Plaintiffs in the case hold long-standing, unpaid judgments against North Korea and contend the exploiter was likely linked to the Lazarus Group. They argue the frozen assets can be treated as property of North Korea and seized to satisfy their judgments.
Aave’s filing disputes that characterization and frames the funds as belonging to protocol users who were victims of the exploit. The filing stated that plaintiffs’ claims “may well be righteous,” but rejected using a court order to restrain and seize assets that the filing described as belonging to innocent third parties.
The filing also raised a procedural objection, questioning whether Arbitrum DAO can be treated as a legal entity that can be properly served with a restraining notice.
After the exploit, members of the Aave and Arbitrum communities and other decentralized finance projects formed a coordinated recovery effort called DeFi United.

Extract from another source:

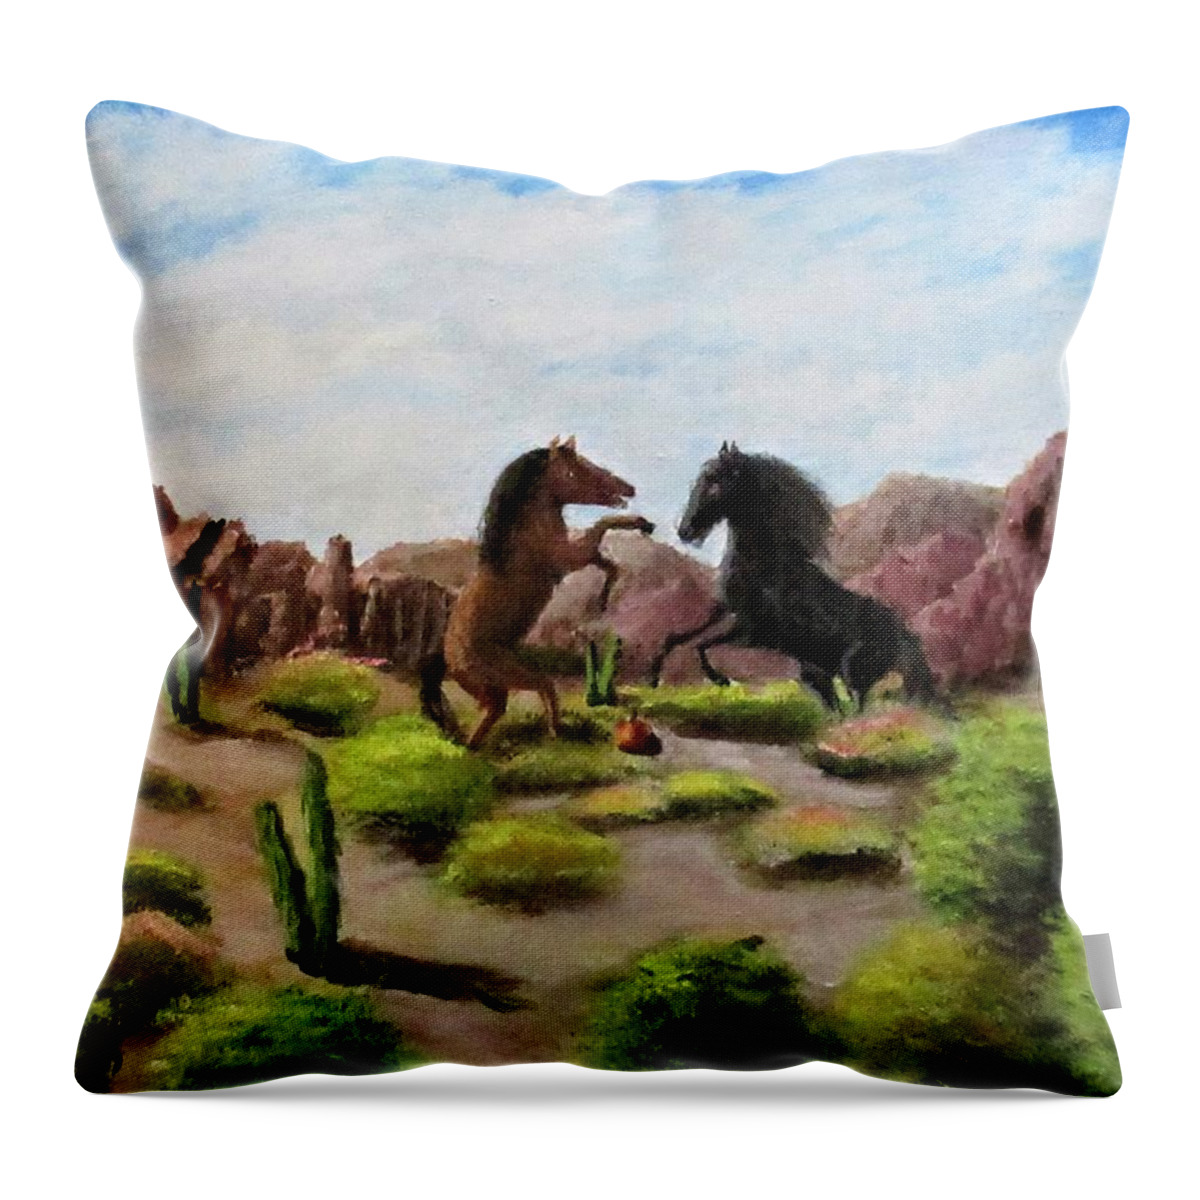 Animals Throw Pillow featuring the painting Apple Fight by Gregory Dorosh

That effort raised more than $300 million from participants including ConsenSys, Lido, Compound and the Avalanche Foundation to help restore rsETH value and cover losses from the hack.
Aave told the court the freeze is complicating recovery work and increasing market stress. The company said users rushed to withdraw funds after the exploit, liquidity in key lending pools dropped and some depositors were unable to access holdings. Aave argued the frozen ETH are needed to stabilize markets and return value to affected users.
Plaintiffs’ attorneys disputed Aave’s account, writing that the restraining notice against Arbitrum DAO was not issued to aid recovery efforts and “does the opposite.”
The case raises questions about ownership of recovered on-chain assets and whether courts can divert funds gathered by blockchain communities after a hack to satisfy unrelated creditor claims. The litigation also asks whether a decentralized autonomous organization can be treated as a party in court and how courts should handle on-chain assets that have been restrained or placed under governance control.